Все, что я могу сделать для Вас, это собирать старинные монеты, которых здесь масса. Розковшенко, директор Тифлисской гимназии, собрал их до 4000. Здесь встречаются не только греческие и римские всех периодов, но и сартанские, еврейские, арабские, из которых больше всего из династии Сасанидов, а также многие другие. Но и для этого нужно быть в Тифлисе, в котором сосредоточена вся культурная жизнь Кавказа. Древние монеты чаще всего можно видеть на амулетах здешних женщин, поскольку эти амулеты передаются из поколения в поколение.
Гравюра к тексту «Кадора» Т.Лады-Заблоцкого
Не могли бы Вы прислать мне комплект «Атенеума» за 1846 и 1847 годы, которых я не читал? Ведь Глюксберг настолько неаккуратен, что с ним нельзя делать никаких дел, а Завадский неохотно берется за пересылку книг, выходящих в издательстве Глюксберга. С последней почтой я получил: «Каталептик» Штырмера, «Рахиль» Головинского, «Ноябрь» Ржевуского, «Коллокацию» Коженевского. Сердце мое наполняется радостью, что Вы так достойно работаете. Если у меня хватит времени, я обязательно пришлю Вам что-нибудь из прозы для «Атенеума». Пан Войцех все еще пребывает при персоне Князя. В последнем письме ко мне он сообщал, что скоро Вам напишет.
Соблаговолите принять заверения в уважении от Тадеуша Лады-Заблоцкого.
Письма хранятся в рукописном фонде Ягеллонской библиотеки (Краков), архив Ю.И.Крашевского, ед.хр. 6458/IV. До настоящего времени были опубликованы некоторые фрагменты. Полностью публикуются впервые.
Отрывок из письма Тадеуша Лады-Заблоцкого к Ромуальду Подберескому из Тифлиса от 10 июня 1843 года
Ты не поверишь, какая радость охватила меня, когда после восьмимесячных скитаний по левому отрогу Кавказа, вернувшись позавчера в Тифлис, я получил твое дорогое письмо от 1 августа. Проявление искреннего сочувствия, которым отмечено все послание, принуждает меня упрекать себя в тщетном поиске отпечатка мировой скорби в наших отношениях и настраивает на взаимное дружеское объятие. Да прими самую искреннюю благодарность от имени всех земляков за эти несколько слов утешения, которое Ты влил в сердца, исполненные горечи...
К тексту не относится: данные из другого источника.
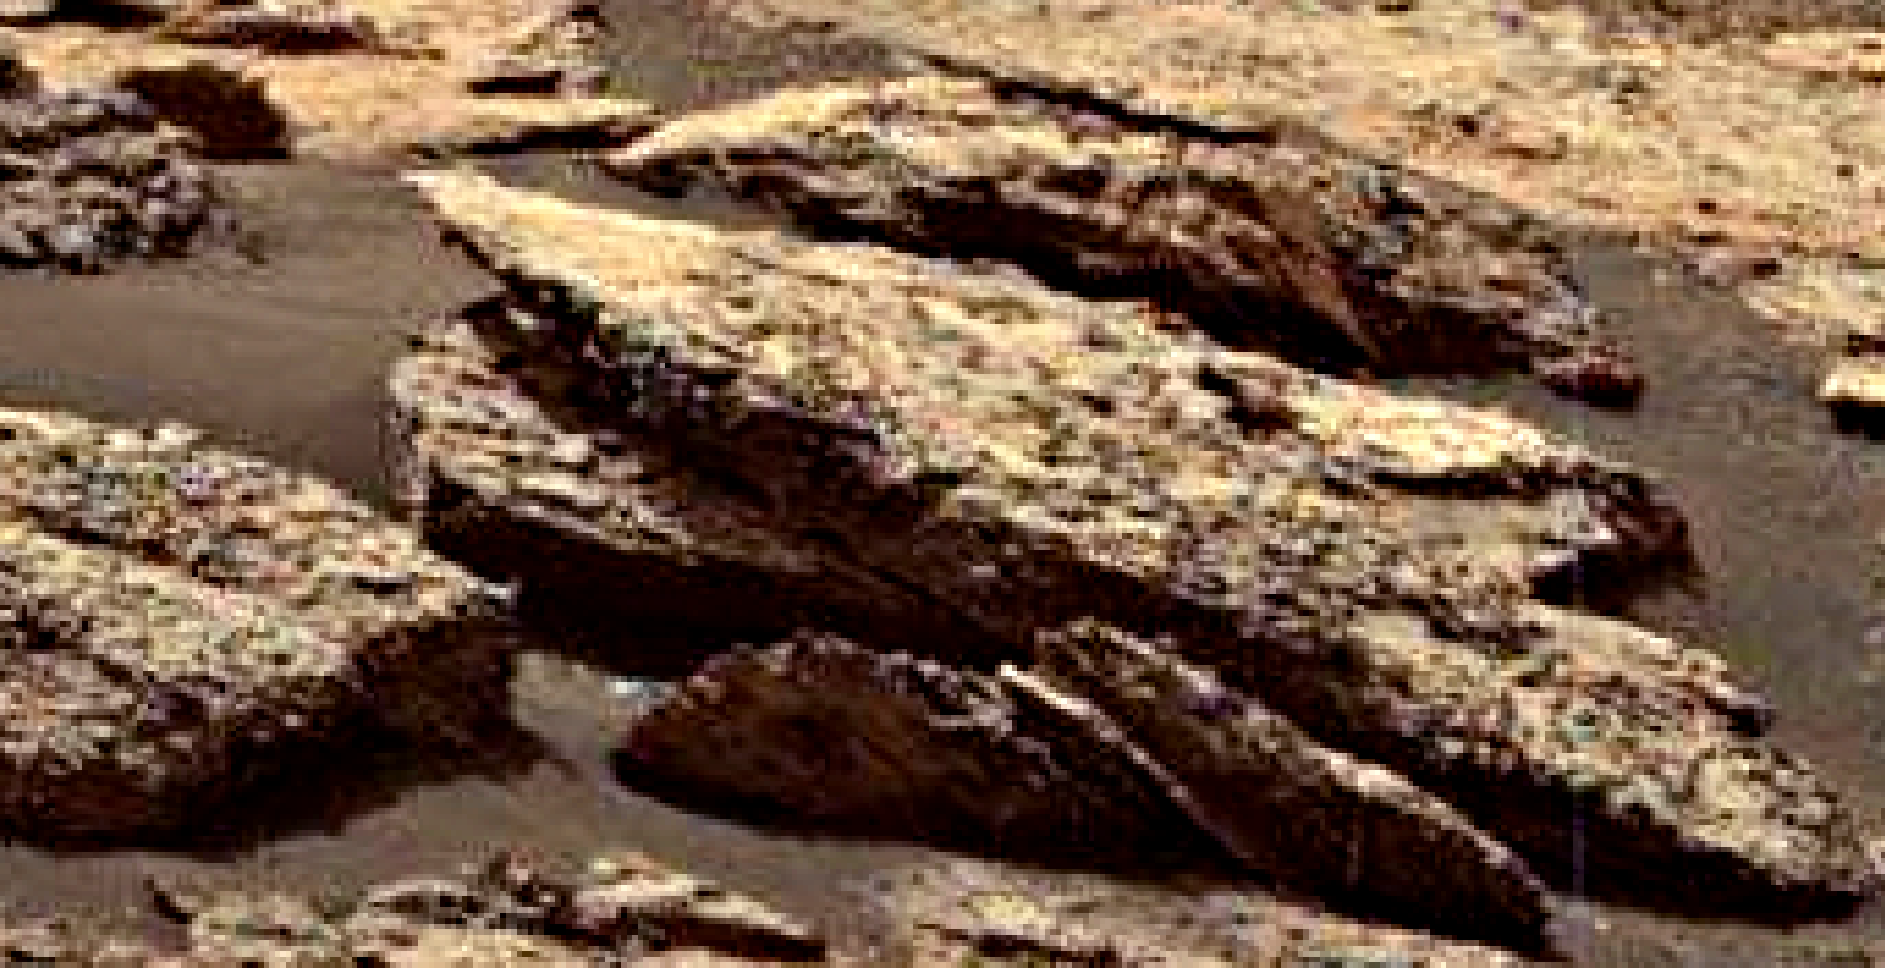 mars-sol-1485-anomaly-artifacts-1-was-life-on-mars

...Неудачи, преследовавшие меня доныне на научном поприще, отвращали от трудов... Если бы Игнаций Цехановский издал в Лейпциге, как он намеревался, те мои поэтические пробы, которые он в 1836 году почти силой забрал у меня и на издание которых собрал подписчиков в Белоруссии, я бы уже ныне имел имя в нашей отечественной словесности и оставил бы по себе гораздо лучшую память. А ведь я был так хорошо подготовлен и в душе моей было столько запала, столько желаний! А сейчас моя профессия уже не найдет воплощения, все кончено. Расширение сердца (аневризма) - результат того, что я пять лет оторван от своих, и - резкая боль в груди мешают мне заняться чем-либо серьезным. Ни поездки по Кавказу, во время которых я забыл о всяких книгах, ни старания моих друзей-медиков не принесли мне ни малейшего облегчения. Несмотря на самый щадящий режим, которого ныне придерживаюсь, я сомневаюсь, что мой дух долго задержится в разрушенном несчастьями теле, из которого он вырывается. И поэтому я так старался, чтобы перед смертью увидеть что-нибудь из своих поэтических проб в печати. Я уверен, что мои стихи - не поэзия. В иных обстоятельствах я бы наверняка не оставил по себе ни одного стихотворения. Я страстно любил славянскую филологию, отдаваясь ей с большим запалом, и еще в юности собрал материалы для составления «Истории цивилизации и литературы славянских народов». Большая часть этих материалов находится у Цехановского, и ты, как мой будущий издатель, имеешь право о них справиться... А я после столь ужасного поворота в мой судьбе не имел никаких средств для воплощения высшей идеи моей жизни. В тоске долгого одиночества, в постоянных скитаниях по свету я отдался поэзии, ибо лишь этот мир воображения не был еще передо мной закрыт. Итак, не придавая малейшей ценности своим пробам, я их считаю лишь вдовьим грошом на алтарь отечественной словесности, и желал бы, чтобы этот грош имел распространение, а не был затаен от мира.